The figurative language of Tom Rachman….

Reading time: Less than 1 minute

I like to share interesting pieces of figurative language I encounter in my reading. I write today about a series of similes and metaphors from novelist Tom Rachman….

I found the 2010 book, The Imperfectionists, by Tom Rachman, to be a magnificent coup — a first novel that engaged, entertained and showcased fine writing.

His next book, The Rise and Fall of Great Powers, pulled off a similar accomplishment. I really liked that one, too.

I can’t say quite the same thing about his more recent work, The Italian Teacherwhich strikes me as overly laboured and less interesting.

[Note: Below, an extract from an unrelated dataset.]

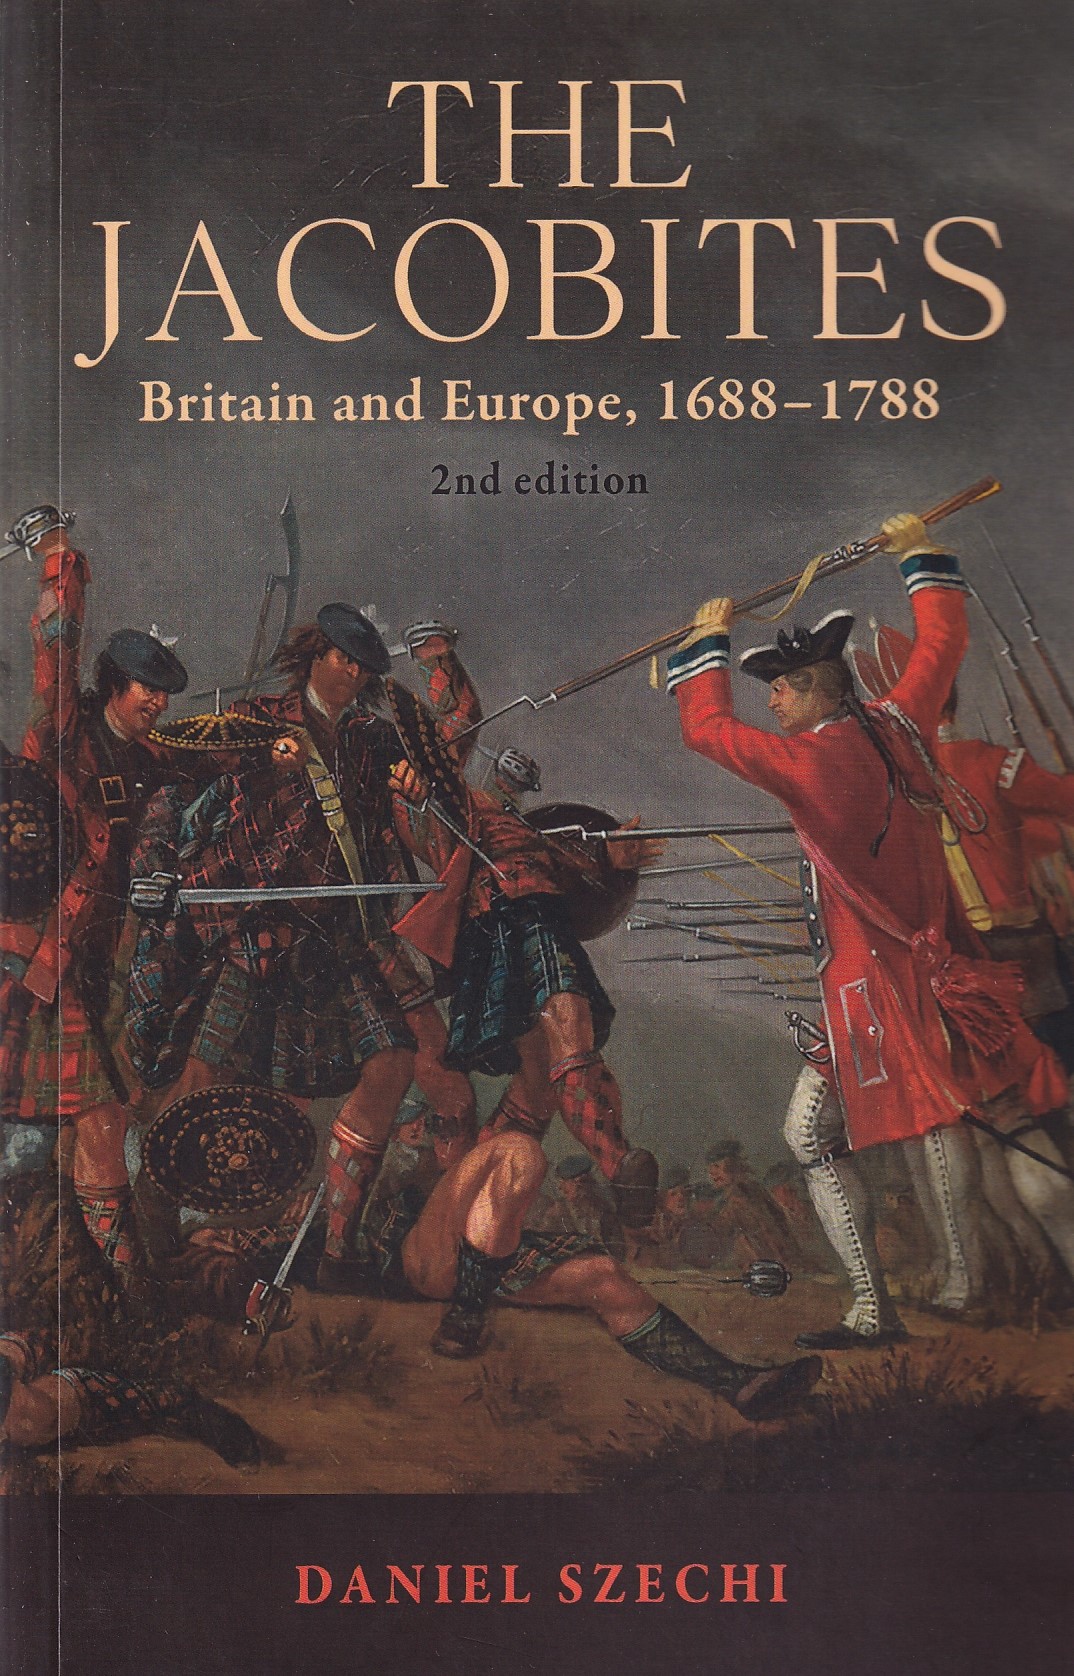 The Jacobites: Britain and Europe, 1688-1788 by Daniel Szechi
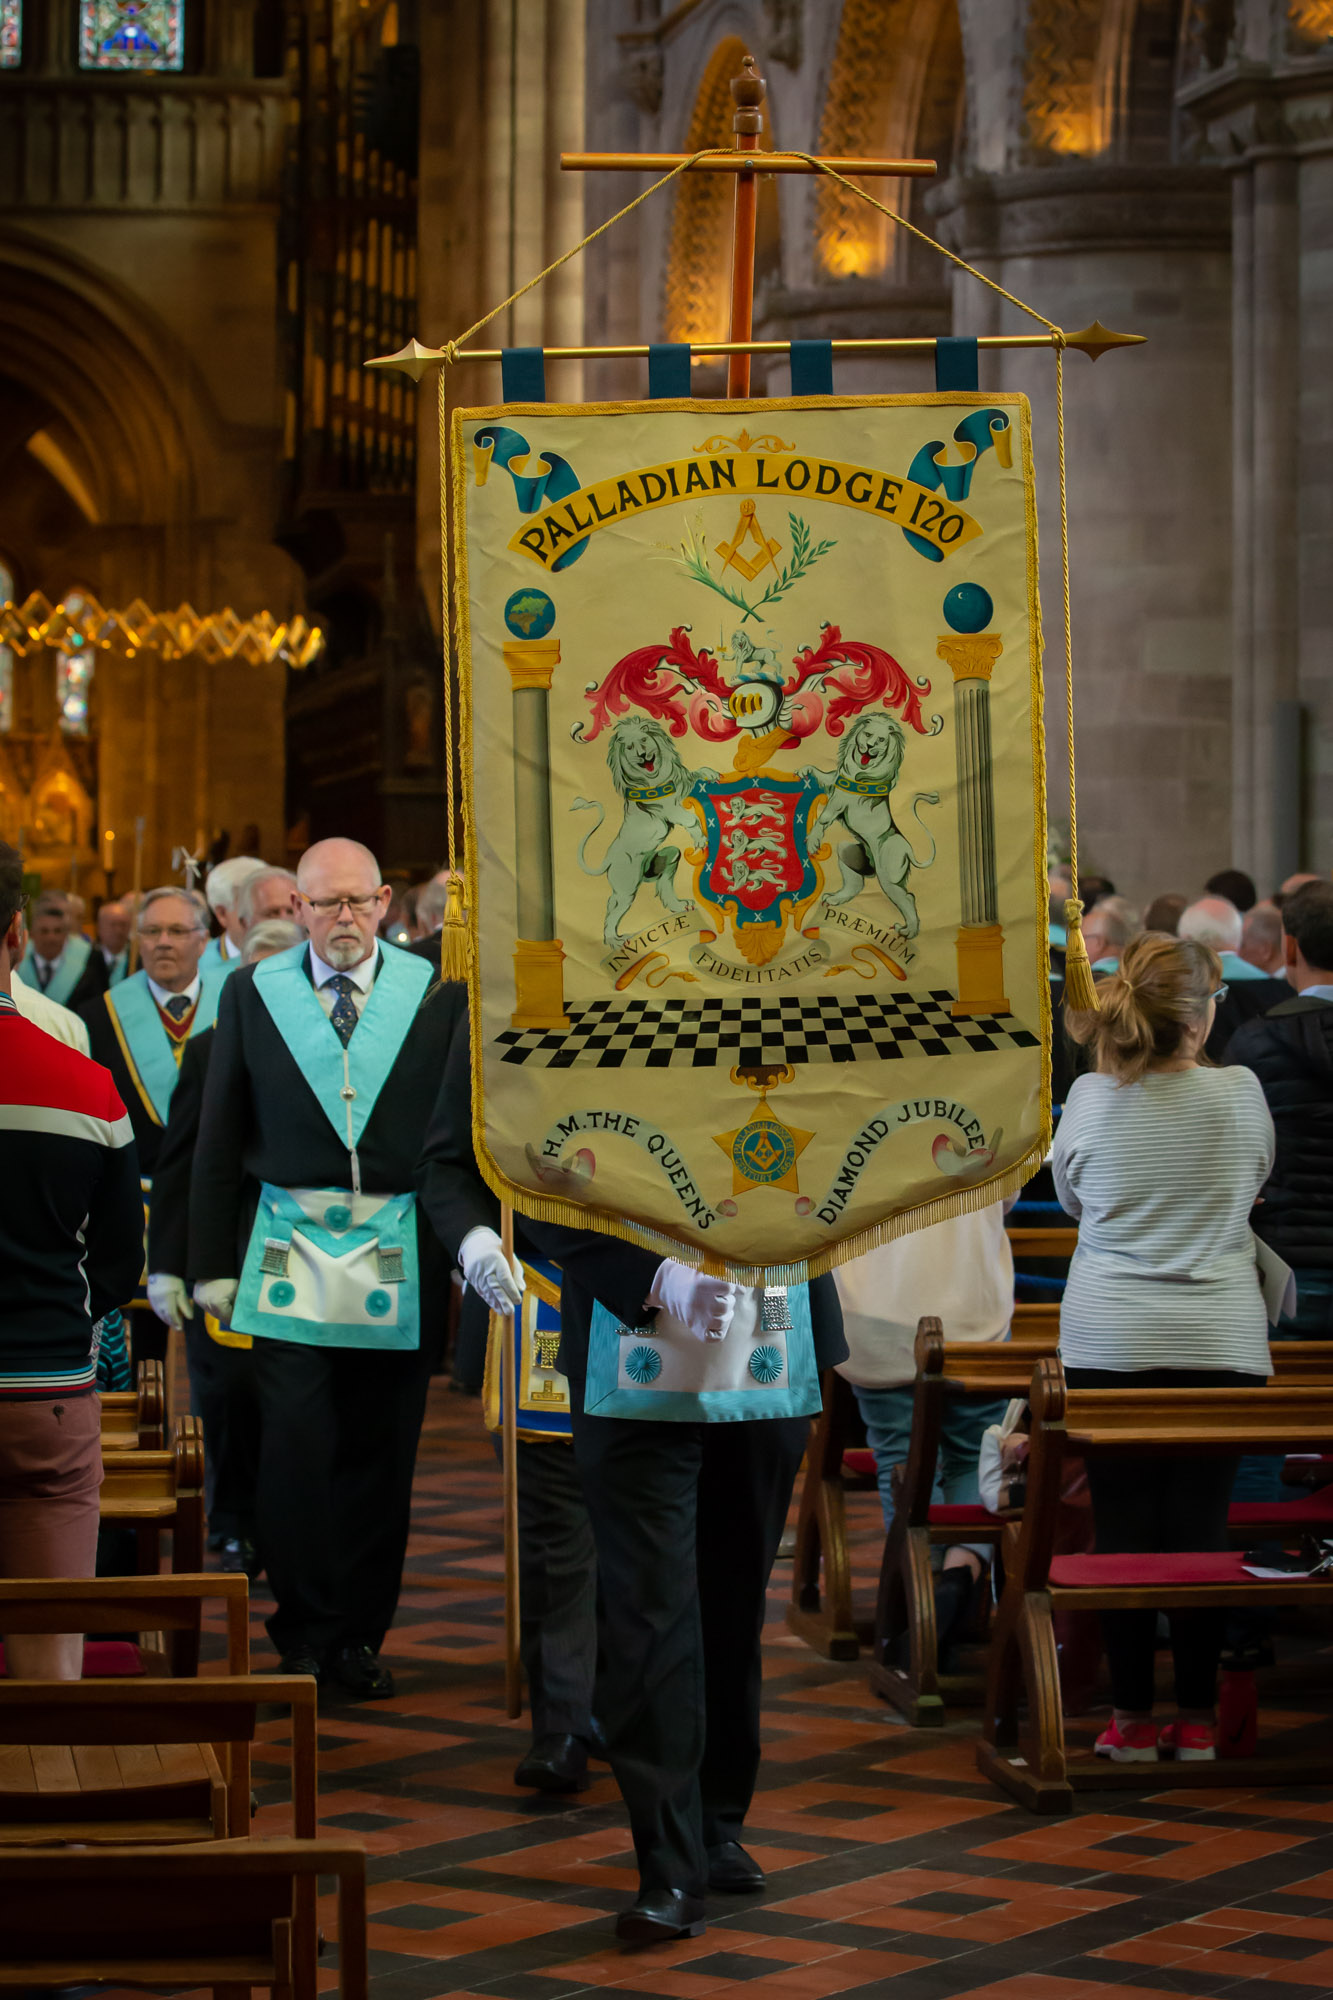 Photo of Palladian Lodge Standard Bearer leading the procession into the Cathedral

Nevertheless, the book provides some redemptive examples of figurative language. Here are my favourite examples of figurative writing from Tom Rachman:

  • At twin grand pianos, maestros in tailcoats tinkle Debussy while scores of revelers chortle and slurp from champagne coupes, their cigarettes leaking gray ribbons before rococo murals and avant-garde artworks by Guttuso, De Chirico, Burri.
  • Squinting into a pince-nez as if through peepholes, she sashays over, waving a clutch purse designed like a pink lobster and holding down a hat shaped like a high-heeled shoe.
  • Yet even strangers find a similarity: how they walk, each footstep tentative, as if treading across a moving carpet.
  • Cecil looks into his lap, as if a map rested there.
  • His emaciated grandmother wears penciled eyebrows that rise in skeptical arcs, her short yellow hairdo pasted down, giving Ruth the impression of a shriveled lemon.
  • Pinch, cheeks burning, presses his nose into the wine glass, inhaling happiness.
  • A paunch juts over his belt, as if peeking off a high diving board.
  • One man who does appear is Marsden, turning up alongside a diminutive companion with tweezed eyebrows and carefully trimmed beard, as groomed as a French formal garden.

An earlier version of this post first appeared on my blog on Sept. 27/18.